Unlike the google images, you’ll notice that the cover of Duct Tape Parenting: A Less Is More Approach to Raising Respectful, Responsible, and Resilient Kids shows the tape NOT on the kid, but on the parents.
One of the main premises of the book is that parents often unconsciously feed their child’s negative behaviors, and that if you could just keep from nagging and lecturing and carrying on about everything, and instead teach your children what they need to know to be independent (in age appropriate ways), you’d have a more peaceful house and a more respectful and resourceful kid.
The book includes topics such as:
- How to get kids to take ownership of their routines
- How to minimize fighting and nagging
- How to define a family vision and put it in action
- How to build stronger family relationships
- What sorts of tasks and jobs are appropriate for different ages of kids (laundry, cooking, etc)

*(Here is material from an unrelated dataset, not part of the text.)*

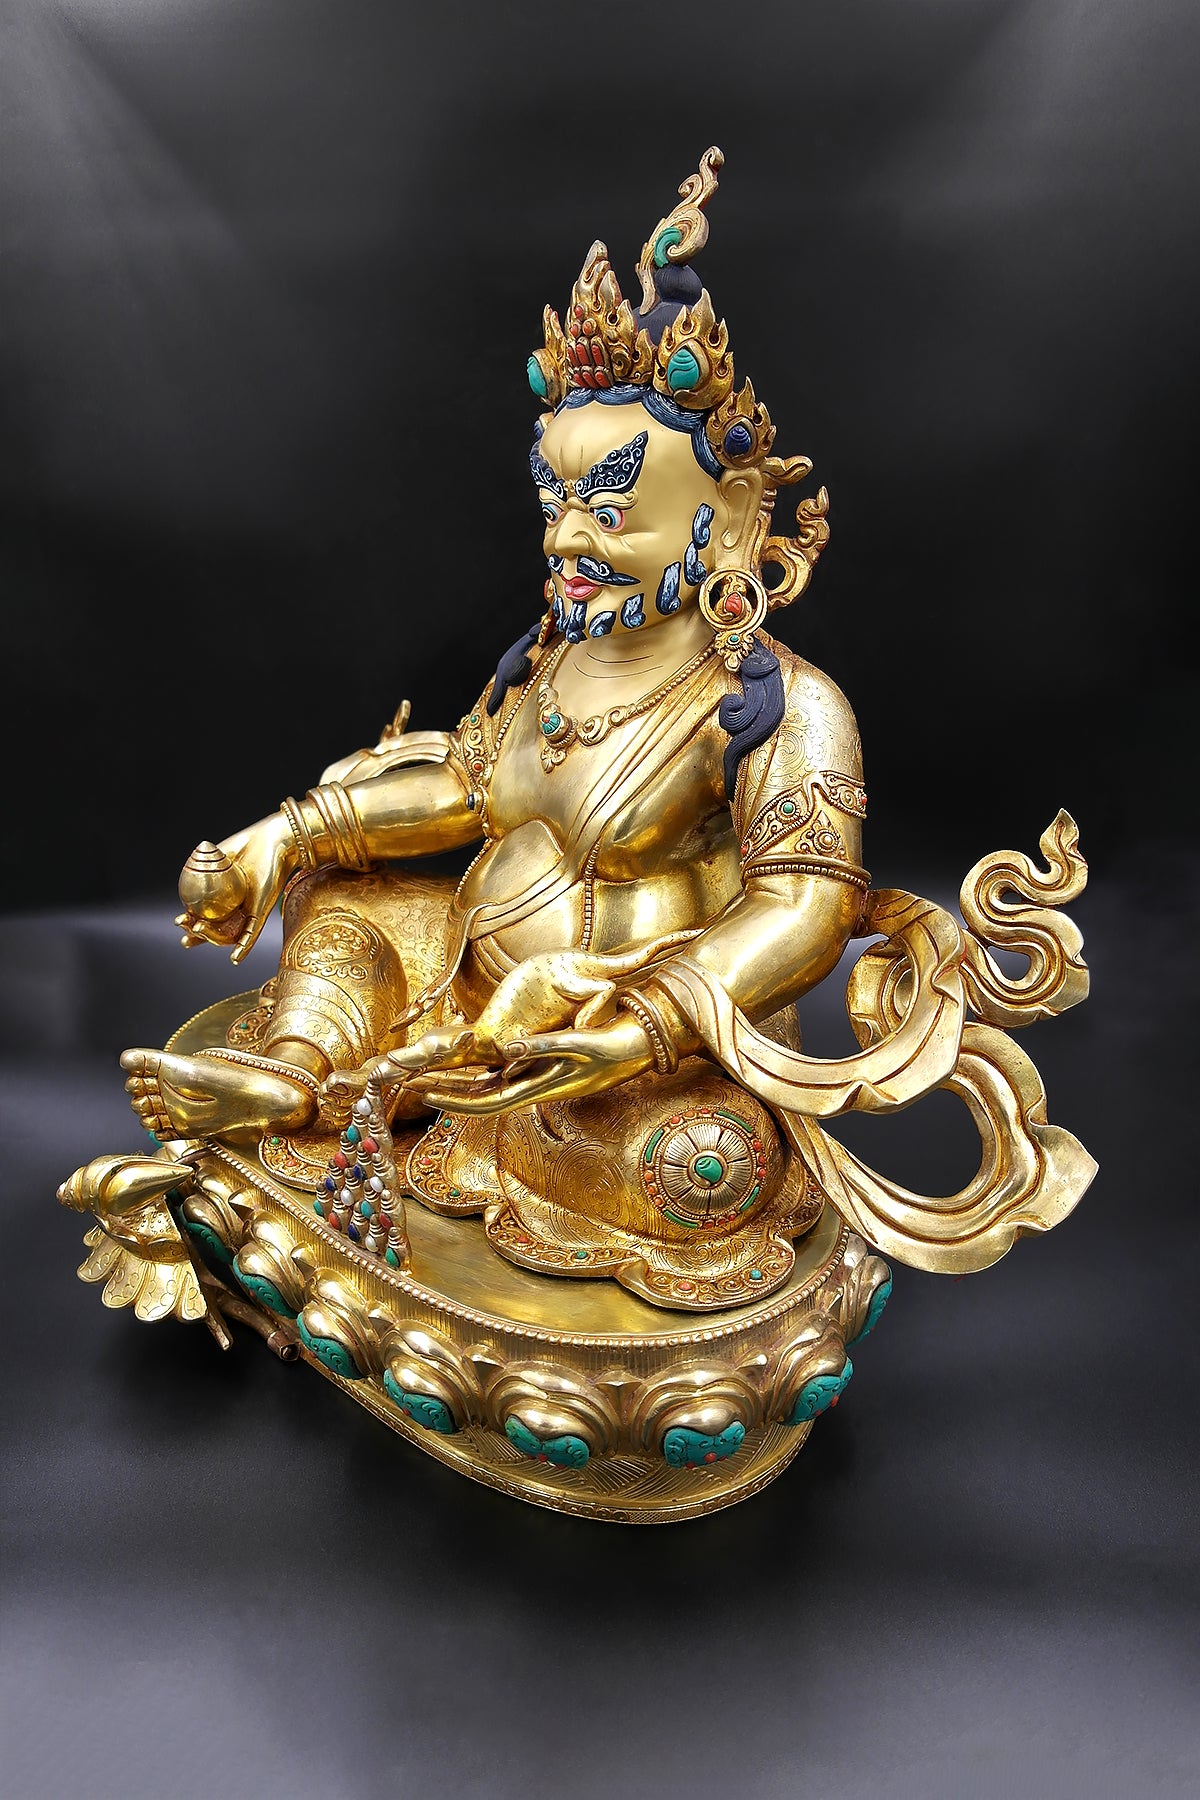 Jeweled Zambala Statue from Nepal, God of wealth, 16"
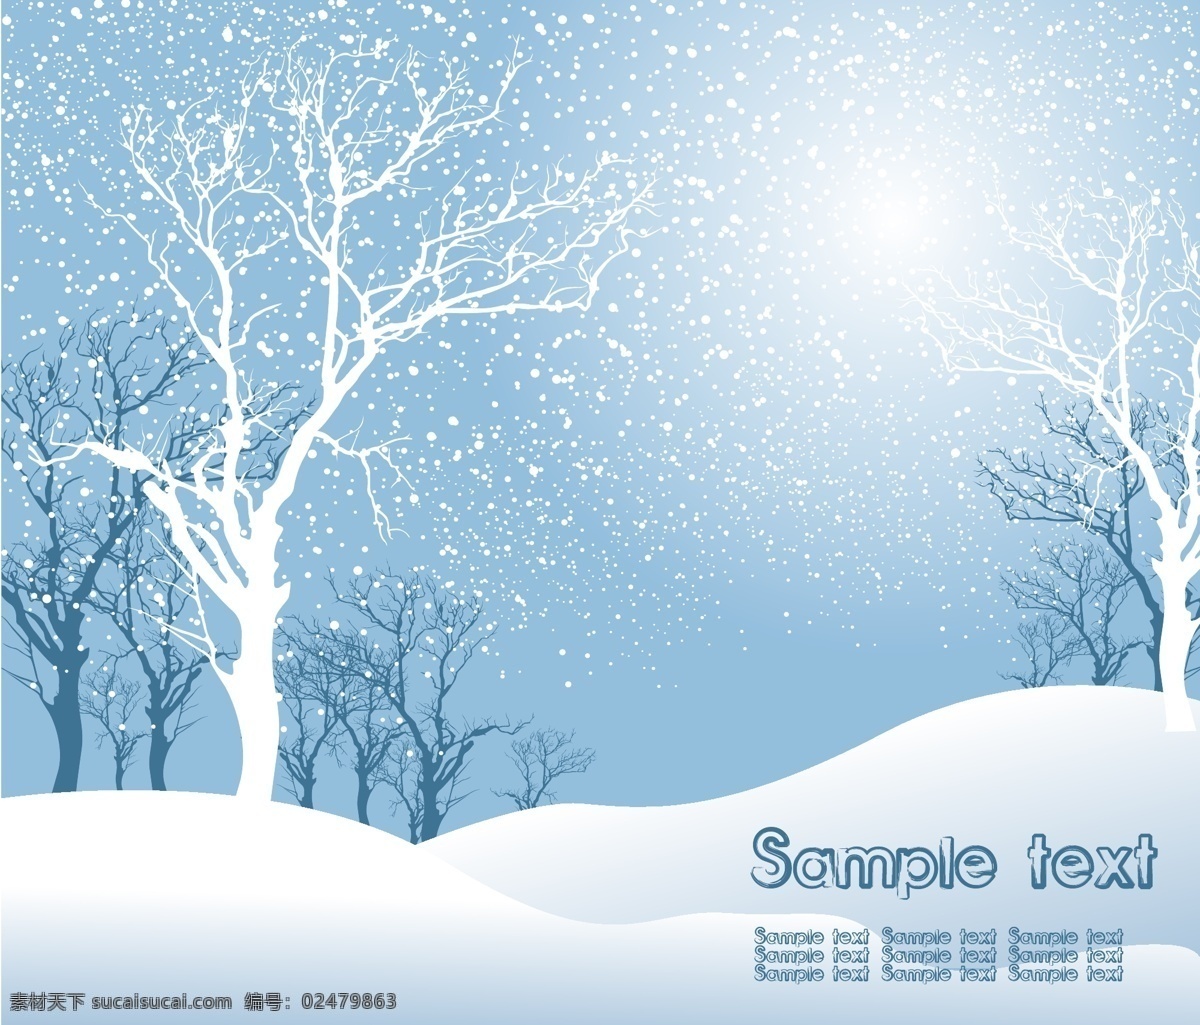 圣诞节 雪景 场景 雪景矢量 雪花 圣诞场景 蓝色 郊外 树林 树木 冬天 冬季 大雪 雪地 山坡 树木剪影 雪景设计 卡通动漫 动漫动画 风景漫画

- How to make your mornings, bed times, and other pressure points calmer and easier
I don’t necessarily agree with all of the ideas in the book, but overall I found it to be excellent food for thought, and a good impetus to re-evaluate some of my parenting decisions and goals.
I may have mentioned before that having four children, homeschooling, and working is proving to be an interesting exercise. What I’m finding more and more is that micromanaging, helicoptering, and supermomming are even less of an option now than they ever were. I mean, it’s just not humanly possible for me to do it all, and I’m glad because that’s not the way I want to live and parent anyway.
That said, I’ve also found that just up and dropping everything is not a super effective way to live either. Reading Duct Tape Parenting gave me some great tools and ideas for how to transfer responsibilities to my kids calmly and smoothly so that the chaos and cacophany don’t bring the house down around our ears.
If you’re a parent and plan to get your kid out of your house and living independently at some point, I’d highly recommend Duct Tape Parenting. I think you could tailor it to a wide variety of parenting styles and philosophies, as well as to different family dynamics and ages of children.